Developing, Pitching, converting: this becomes the multi level task groups which organise resources about the key meetings which will happen. Small, intimate events for less than 100 participants are organised by the PMs to channel in several potential customers. Then a focused effort of mulit-level detective work is swung into action to deliver the key intelligence on customer needs and behaviour which will inform the pitch. The pitch is done at the appropriate management level, with those delivering in the selling company attending ie. every point of influential touch with the customer is mirrored in the conversion group.

Retaining : now by this time much of the work of retention is already done. No longer is it a sale driven by price and sales-filtered information. Compared to going through one sales repsonsible and their sales boss, the whole sale is probably on a shorter cycle to close. Also the resources are already lining up, and not stuck blind infront of the 'closed deal' from a suicide or volume based quote. True costs and implications of "resource alignment" at the vendor are much more accurately assessed and hidden costs or opportunities to bill for support services are aired and not swept away by the "close now" old fashioned sales channel.

Now traditional sales management hate all this...it takes away that deal doing, commission getting thrill and power from them. To begin with they think, hey great, I get those dossers in marketing to pay for my meetings...which is the trojan horse senior managerment and marketeers should use...support for customer group meetings with high value content for the attendees. When R&D turn up, the SMs get a little nervous. Customer services can be patronised away, but when PMs run the show then there can be outright war because the writing on the wall is KAM managed from HQ and not the field.

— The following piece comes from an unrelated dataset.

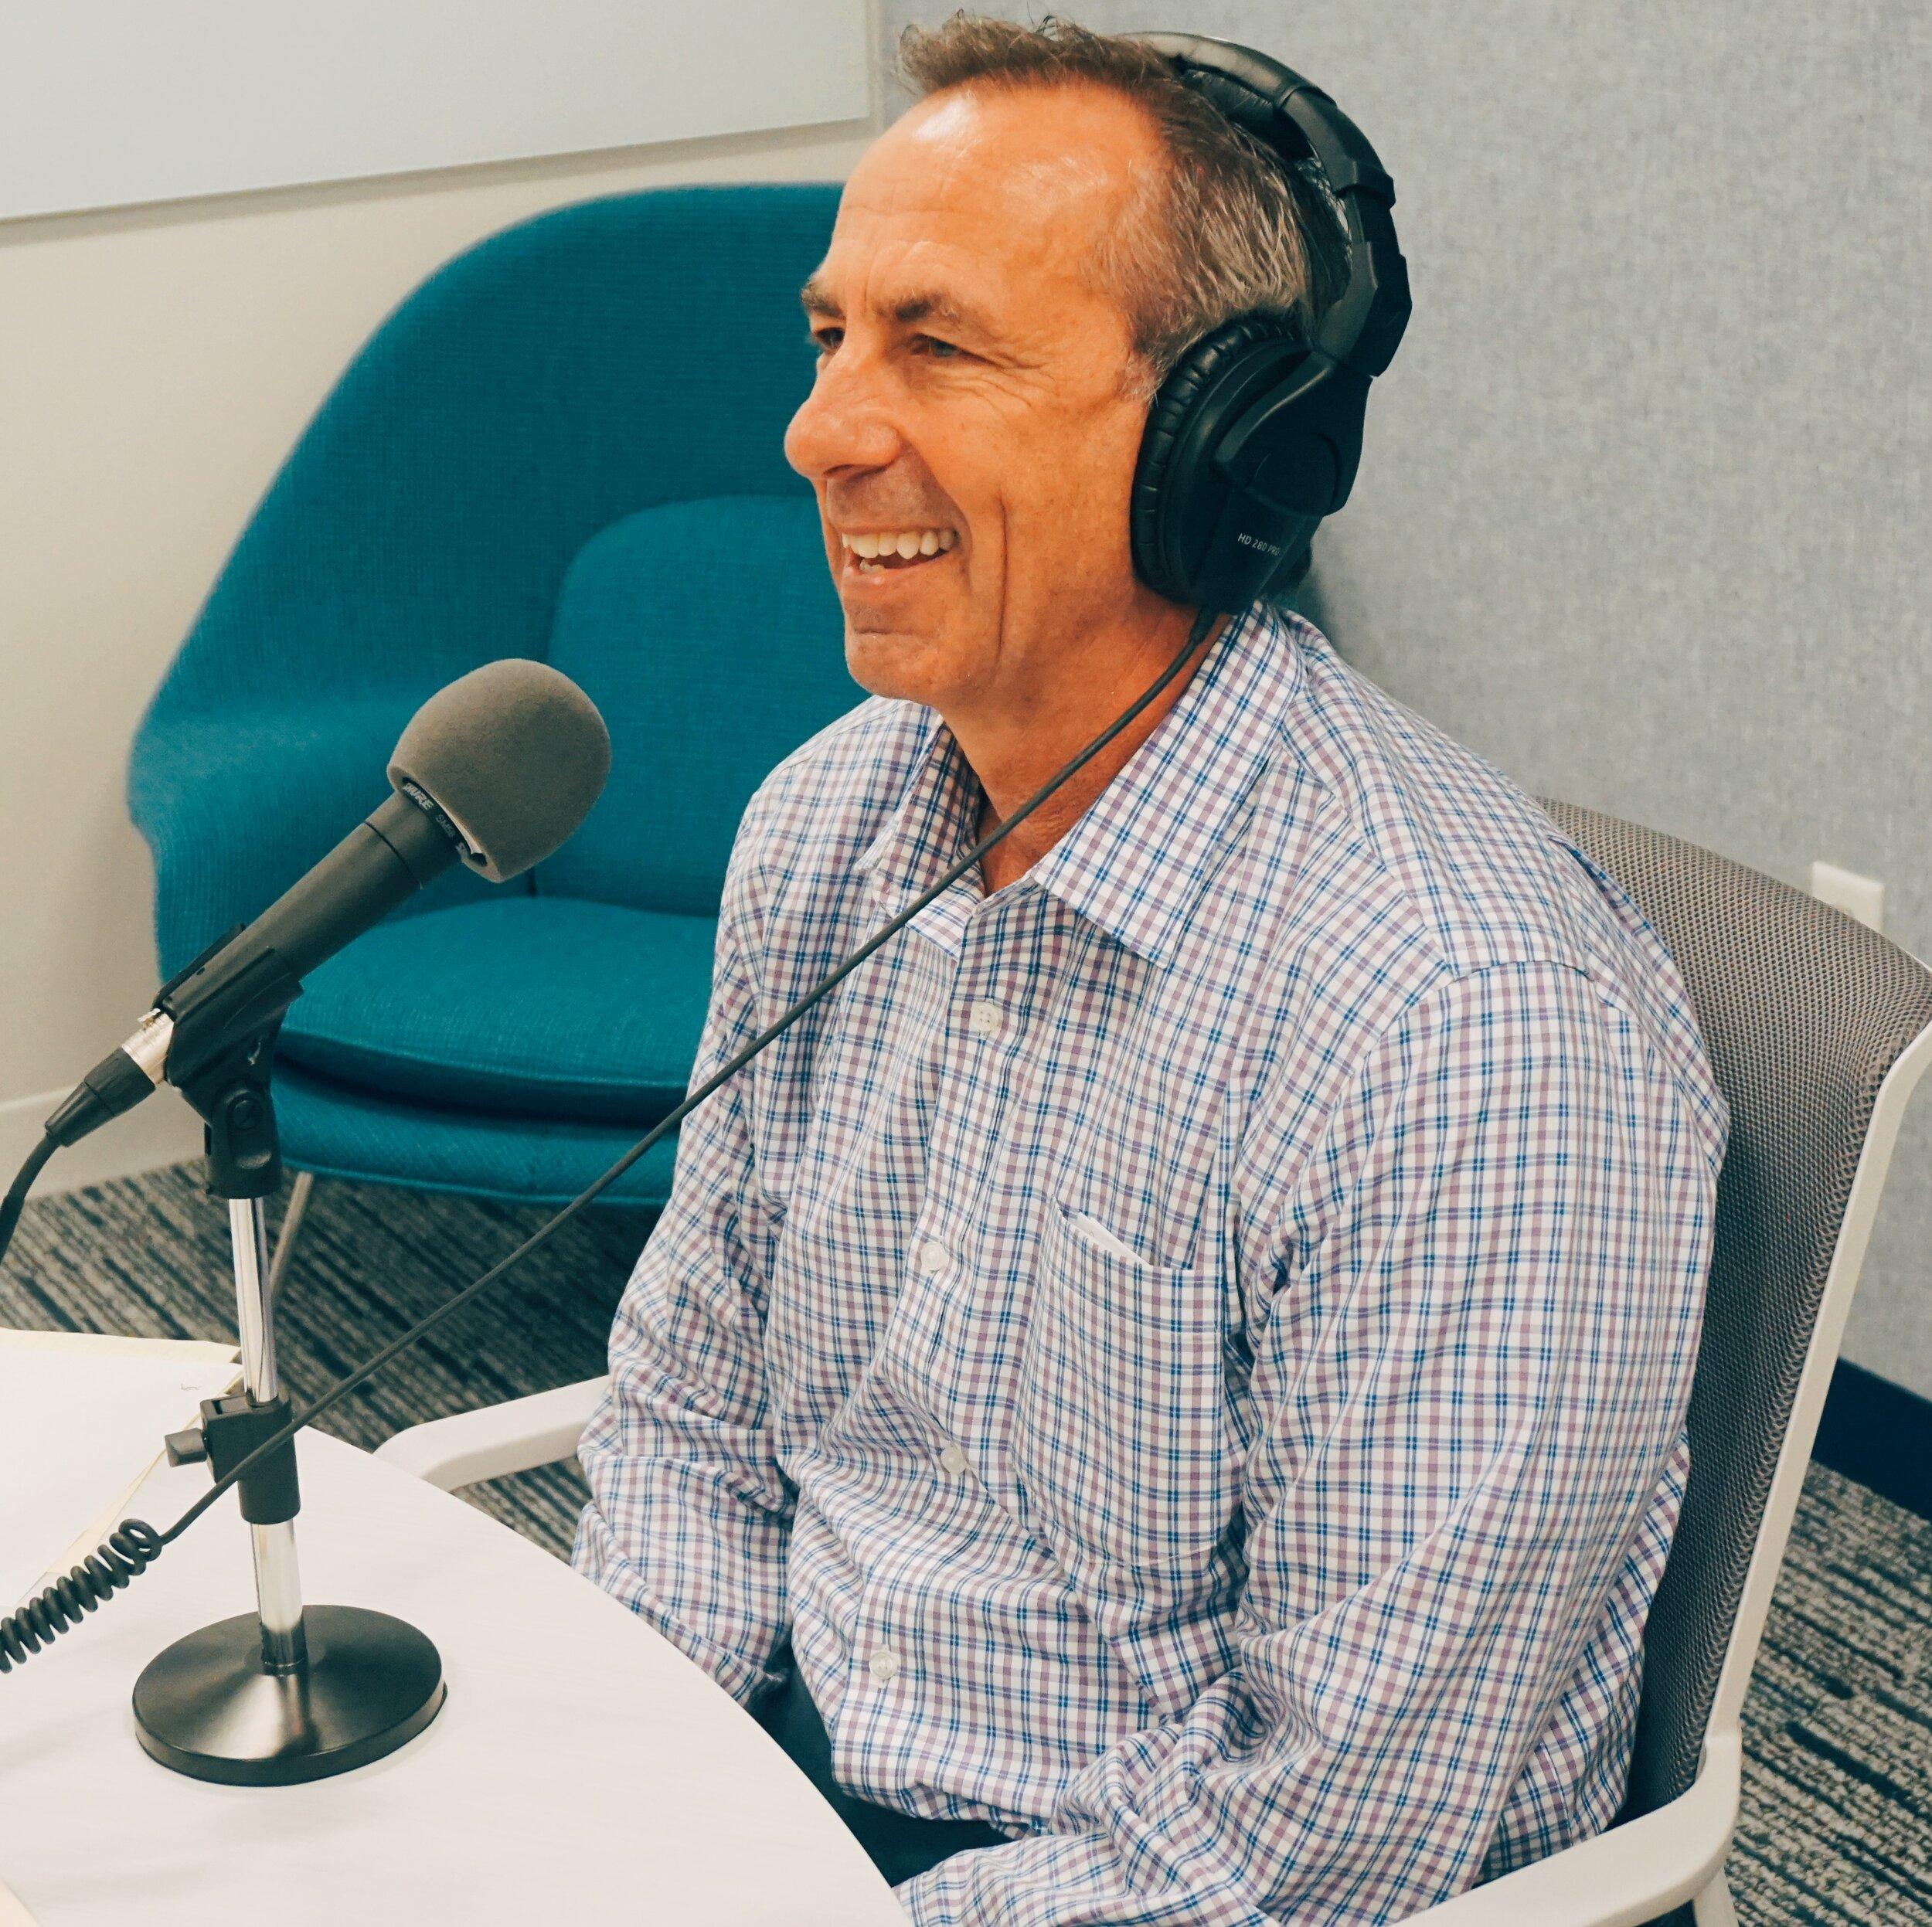 Steve zorn - Pentair Vice President Sales Aquatic & Environmental Systems

Intimate marketing is especially effective when introducing new products or technologies which will later take on a wider transaction market down the line. It is very worth doing to influence the opinion leaders and those inovators who have a high profile. The trickle down is good, and the initial sales or projects are of high value in either payment or later pay-back for the early "test marketing" and relationship building. In the self-same market for biotech-research tools, the best growing and stronest performing companies are using it with all their NPI and KAM work. There are many other B2B markets, (it's B2B which employs the most marketeers actually) for which this approach is very suitable.